Memang benar bahwa agama adalah sebuah cara yang pada akhirnya menjadi sumber kepatuhan dan penerimaan, dan bukan pada sesuatu yang patut untuk dipertanyakan. Namun bagaimanapun juga, persepsi yang benar tentang agama tidak akan pernah bertentangan dengan kondisi pikiran manusia, karena fakta bahwa baik agama maupun pikiran, keduanya berasal dari Tuhan. Oleh karena itu, agama yang benar akan menerima informasi tentang alam semesta yang datang melalui pertanyaan intelektual sebagai cara untuk memperoleh pengetahuan tentang Tuhan; sehingga konsekuensi dari hal ini adalah hubungan antara pikiran dengan hati. Agama yang benar akan menutrisi hati sedemikian rupa, sehingga cinta yang memancar di dalamnya akan memberikan momentum bagi investigasi dari pikiran, memungkinkan pengetahuan yang lebih besar tentang Tuhan diperoleh, yang pada akhirnya akan meningkatkan rasa cinta pada Tuhan, dan dengan demikian, menghubungkan hati pada pikiran. Tidak adanya hubungan siklus sejati antara pikiran dan hati inilah yang menghasilkan pikiran tak terkontrol, tidak terdidik, dan suka mengidolakan diri sendiri sehingga mendorong ego menciptakan lingkaran buruk di mana ego akan menjadi pendorong bagi pikiran. Oleh karena itu, pertanyaannya adalah “Bagaimana seseorang dapat mencapai kesatuan antara pikiran dan hati sehingga pendidikan bagi orang-orang yang bertalenta khusus akan menjadikan mereka menjadi manusia-manusia berkhidmah yang rendah hati kepada masyarakat dan kepada Tuhan?”

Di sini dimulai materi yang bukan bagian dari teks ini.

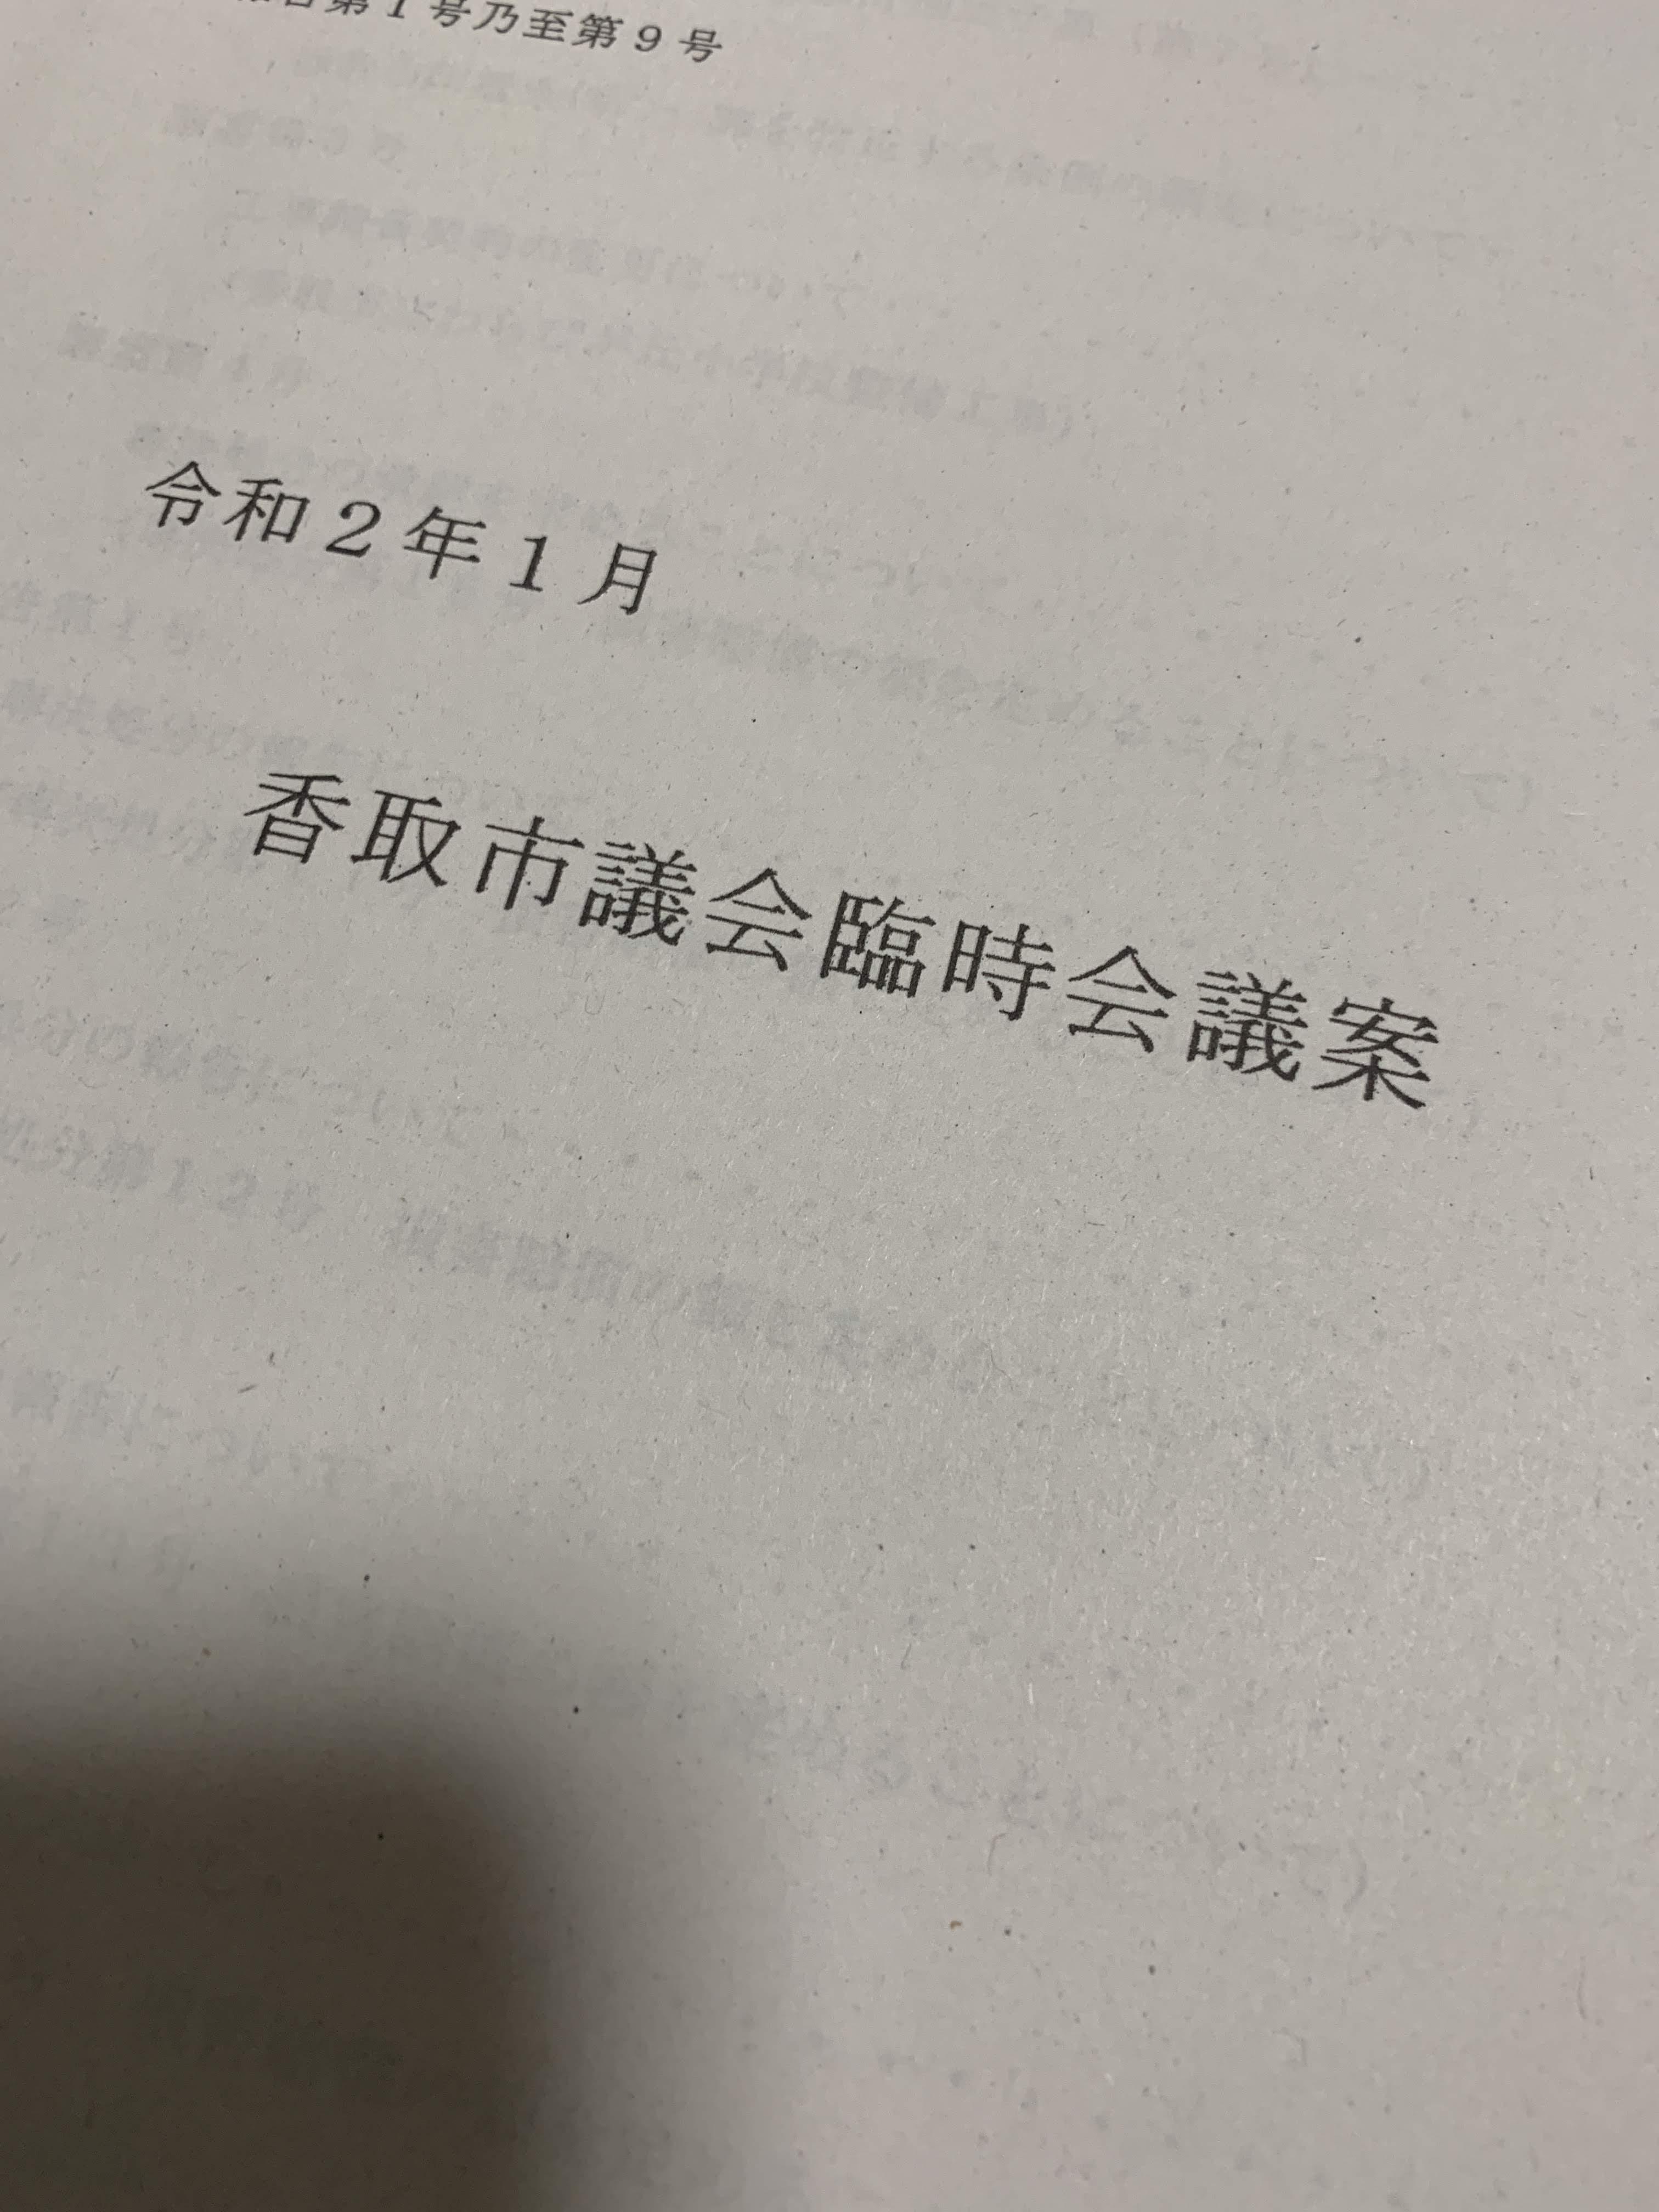 2020年01月24日 令和2年1月香取市議会臨時会

Solusi untuk masalah ini sebagian terletak pada apa yang dapat disebut sebagai “pendidikan ego”. Meskipun mungkin terdengar baru, sesungguhnya konsep ini berakar dari budaya Muslim yang disebut “adab.” Dalam konteks artikel ini, adab dapat secara singkat dideskripsikan sebagai pengetahuan akan fungsi ideal dan batasan ego dalam tataran menjadikan diri sebagai hamba Tuhan yang baik dan anggota masyarakat yang setia. Adab secara tradisional dipelajari dari orang-orang yang sudah mempraktikkannya. Ini mengacu pada pendidikan melalui bahasa disposisi (kondisi/ hal). Oleh karena itu, pendidik yang menghiasi dirinya dengan adab sangat diperlukan untuk mendidik ego murid-murid bertalenta khusus yang berada dalam bimbingannya. Melalui sebuah renungan singkat, dapat dengan mudah dipahami bahwa para Nabi dan orang-orang suci di sepanjang sejarah maupun para arif bijaksana dari berbagai latar budaya berbeda adalah mereka yang mewakili misi pendidikan atas ego manusia pada tingkat yang berbeda. Bagi umat Islam, adab terutama dipelajari dari Nabi Muhammad Shallallahu’alaihi wasallam, yakni sosok yang tidak hanya mengajarkan namun juga melakukan sebuah jalan yang akan mengarahkan kita pada titik di mana pikiran dan hati disatukan serta tunduk pada Allah. Bahkan menurut pandangan mereka yang berada di luar Islam, Nabi Muhammad Shallallahu’alaihi wasallam adalah sosok luar biasa dan terhormat sebagai sosok guru, pemimpin, hamba Allah, sebagai kepala keluarga, komandan, ahli strategi… seseorang yang datang dengan pemahaman yang benar-benar baru tentang kehidupan dan agama. Dalam konteks ini, kita dapat mengikuti ini sebagai model di mana pendekatan baru terhadap agama dapat dilihat sebagai inovasi yang diperkenalkan oleh seseorang yang penuh bakat. Berdasarkan model ini, dapat dikatakan bahwa dengan mempelajari perilaku hasanah/baik dari Nabi Muhammad Shallallahu’alaihi wasallam, yang merupakan sosok bertalenta khusus dalam berbagai aspek, sebuah metode bagi pendidikan ego anak-anak atau manusia berbakat super dapat dikembangkan. Berikut ini adalah beberapa kesimpulan dari analisis tersebut.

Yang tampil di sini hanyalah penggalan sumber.